Dataset entries.
* * *

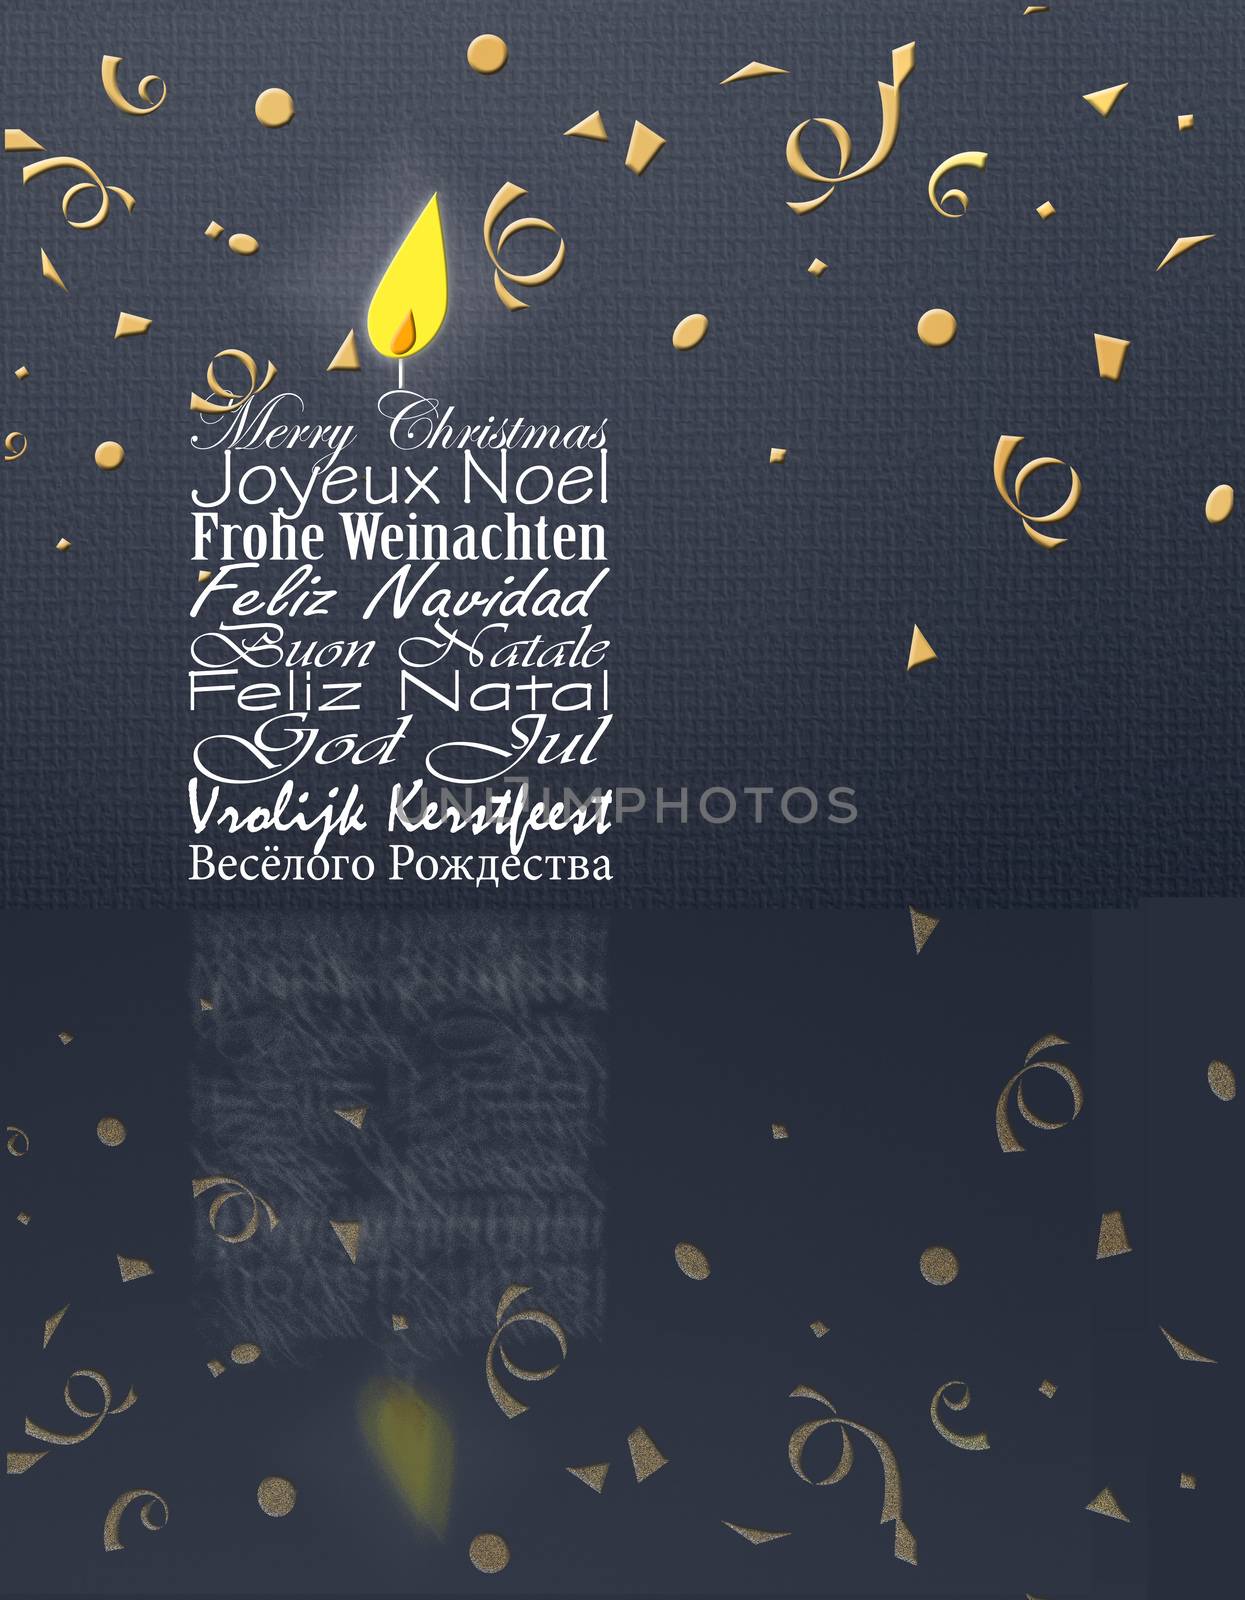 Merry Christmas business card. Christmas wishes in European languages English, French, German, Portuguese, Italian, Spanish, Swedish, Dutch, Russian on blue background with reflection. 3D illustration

* * *

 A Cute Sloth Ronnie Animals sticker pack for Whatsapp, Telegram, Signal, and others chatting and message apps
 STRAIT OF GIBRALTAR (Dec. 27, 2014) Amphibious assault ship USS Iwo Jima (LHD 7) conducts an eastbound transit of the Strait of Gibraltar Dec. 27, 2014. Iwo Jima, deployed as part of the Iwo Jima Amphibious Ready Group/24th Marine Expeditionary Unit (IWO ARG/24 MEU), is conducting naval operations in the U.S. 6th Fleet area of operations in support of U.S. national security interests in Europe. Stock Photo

* * *

Work item.
Above is a listing; print exactly its lines from the one with "A Cute Sloth" through the one with "STRAIT OF GIBRALTAR (Dec.", and no other lines.

Output of the exercise.
 A Cute Sloth Ronnie Animals sticker pack for Whatsapp, Telegram, Signal, and others chatting and message apps
 STRAIT OF GIBRALTAR (Dec. 27, 2014) Amphibious assault ship USS Iwo Jima (LHD 7) conducts an eastbound transit of the Strait of Gibraltar Dec. 27, 2014. Iwo Jima, deployed as part of the Iwo Jima Amphibious Ready Group/24th Marine Expeditionary Unit (IWO ARG/24 MEU), is conducting naval operations in the U.S. 6th Fleet area of operations in support of U.S. national security interests in Europe. Stock Photo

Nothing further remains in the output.